大夫听罢,回身道;“大人也没什么大毛病,只是连年天寒,大人上了年纪,身体不支也是当然。以后只消静养....”
“行了!”包拯微微有些生气:“我包拯年纪虽大,脑子却不糊涂。如果真的像你说的这般简单,何必邀展昭出门去说?说真话,我是不是快不行了?”
大夫身体微怔,心中升起一阵阵不忍,然而他不敢执拗,只得实说道:“大人多年积劳成疾,阴阳失调,痹症日渐加重,再不加以调理,恐怕....”
“恐怕什么?”包拯眉头一皱,沉沉问道。
“恐怕....”大夫沉吟着,不忍将真相说出口。
包拯哼笑了一声,道:“恐怕会死是吧?哈哈,人总有死的那一天。”
大夫见包拯这么轻易就将那个死字说出口,又是惊诧又是忧心,连忙道:“不过也无妨,我这就开副调理的房子,包大人多多休息,再顽固的疾病,也会痊愈的。”
包拯将手一摆,对王朝说:“行了,王朝,送大夫出门吧。”
王朝点点头,引着大夫出了门去。
包拯咳了两声,觉得胸腔愈发燥热紧闷,脑子也愈发的沉重,他斜眼望向展昭,见展昭一脸阴默站在那儿,从鼻子里长出了一口气,对王朝和其他人说:“都出去,我有事跟展昭说。”
王朝听闻,微微有些担忧的看了看展昭。他不知道朝堂上到底发生了什么事,展昭将包拯背着回来,府里已经乱成了一锅粥,展昭一直一言不发站在一边,表情凝重,眉头紧锁,不用问也知道定是发生了什么大事。此刻见包拯刚醒,便要单独跟展昭谈话,更加笃定心中的想法,于是带着众人都退了出去。
待人一个个都走光了,房间里只剩包拯和展昭的时候,包拯对展昭扬起手,示意他走近一点。
“全都告诉我吧,这一切究竟是怎么回事!”包拯胸闷无比,一句话说出口,已憋的大喘连连。
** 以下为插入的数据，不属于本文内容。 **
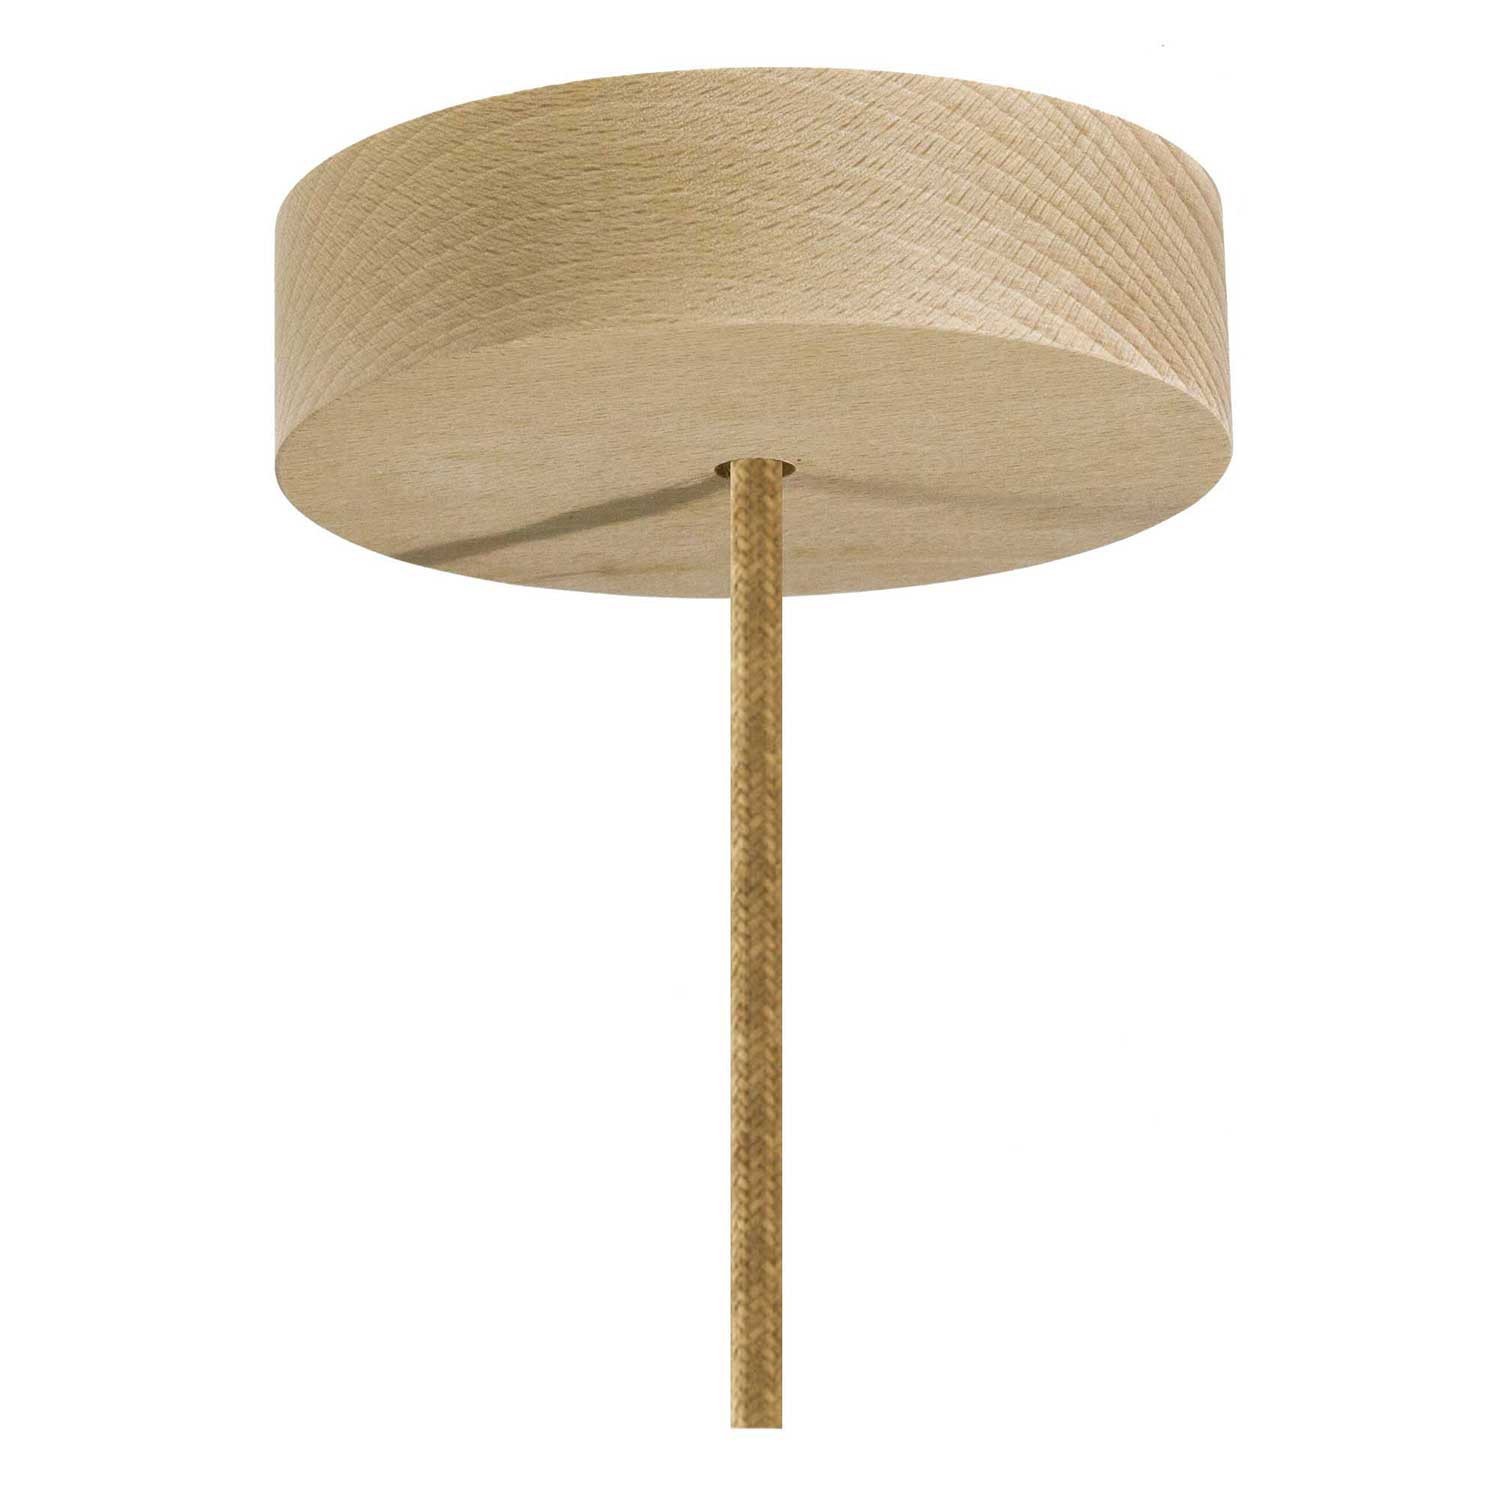 Pendant lamp with textile cable, raffia Cylinder lampshade and metal details - Made in Italy

展昭嘴角微微有些苦涩。说?从何时说起?那些已那么遥远的事情,如今要说,如何还说的清楚?
包拯见展昭沉默,微微有些怒了,声音也提高了一些:“你们果真做了那样的事情?!你们果真合起伙来一起骗皇上,再一起瞒着我?!”
展昭听包拯语气愤慨,心中愧疼,可是事情做下,他又不愿意狡辩,只能垂着眼睑,看似平静,其实心中早已翻涌起惊涛骇浪。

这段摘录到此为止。